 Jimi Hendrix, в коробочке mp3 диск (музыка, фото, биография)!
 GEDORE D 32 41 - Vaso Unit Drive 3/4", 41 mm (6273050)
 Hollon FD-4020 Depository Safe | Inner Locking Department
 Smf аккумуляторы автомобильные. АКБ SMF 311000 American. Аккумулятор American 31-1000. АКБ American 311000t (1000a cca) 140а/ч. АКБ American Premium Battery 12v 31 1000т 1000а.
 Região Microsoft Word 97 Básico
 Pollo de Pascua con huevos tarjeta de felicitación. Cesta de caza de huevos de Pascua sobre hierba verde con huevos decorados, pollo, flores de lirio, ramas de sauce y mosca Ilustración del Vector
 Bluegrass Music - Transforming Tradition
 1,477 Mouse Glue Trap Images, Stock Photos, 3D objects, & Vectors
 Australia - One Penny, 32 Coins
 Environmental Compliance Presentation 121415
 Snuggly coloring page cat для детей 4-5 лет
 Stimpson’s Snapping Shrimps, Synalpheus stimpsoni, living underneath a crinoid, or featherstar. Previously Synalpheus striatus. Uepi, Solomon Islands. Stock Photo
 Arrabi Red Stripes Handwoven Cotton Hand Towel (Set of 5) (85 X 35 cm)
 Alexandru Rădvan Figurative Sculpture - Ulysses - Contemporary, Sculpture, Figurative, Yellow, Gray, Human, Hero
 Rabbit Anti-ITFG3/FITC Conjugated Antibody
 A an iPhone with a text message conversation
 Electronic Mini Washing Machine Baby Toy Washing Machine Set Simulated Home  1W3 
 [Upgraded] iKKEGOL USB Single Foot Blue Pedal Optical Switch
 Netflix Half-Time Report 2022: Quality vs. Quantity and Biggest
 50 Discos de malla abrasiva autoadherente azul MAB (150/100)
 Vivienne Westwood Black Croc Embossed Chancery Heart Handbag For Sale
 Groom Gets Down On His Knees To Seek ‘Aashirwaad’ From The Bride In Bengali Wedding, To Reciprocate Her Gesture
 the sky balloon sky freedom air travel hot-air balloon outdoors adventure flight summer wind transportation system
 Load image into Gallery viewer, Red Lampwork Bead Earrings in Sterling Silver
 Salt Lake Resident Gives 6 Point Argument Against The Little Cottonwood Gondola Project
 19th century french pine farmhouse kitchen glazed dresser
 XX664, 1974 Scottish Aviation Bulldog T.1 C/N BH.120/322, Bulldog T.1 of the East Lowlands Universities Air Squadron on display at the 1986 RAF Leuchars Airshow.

****************

• Action item:
Find each line of the data above that holds the word "Stock", then copy it.

• Solution:
 1,477 Mouse Glue Trap Images, Stock Photos, 3D objects, & Vectors
 Stimpson’s Snapping Shrimps, Synalpheus stimpsoni, living underneath a crinoid, or featherstar. Previously Synalpheus striatus. Uepi, Solomon Islands. Stock Photo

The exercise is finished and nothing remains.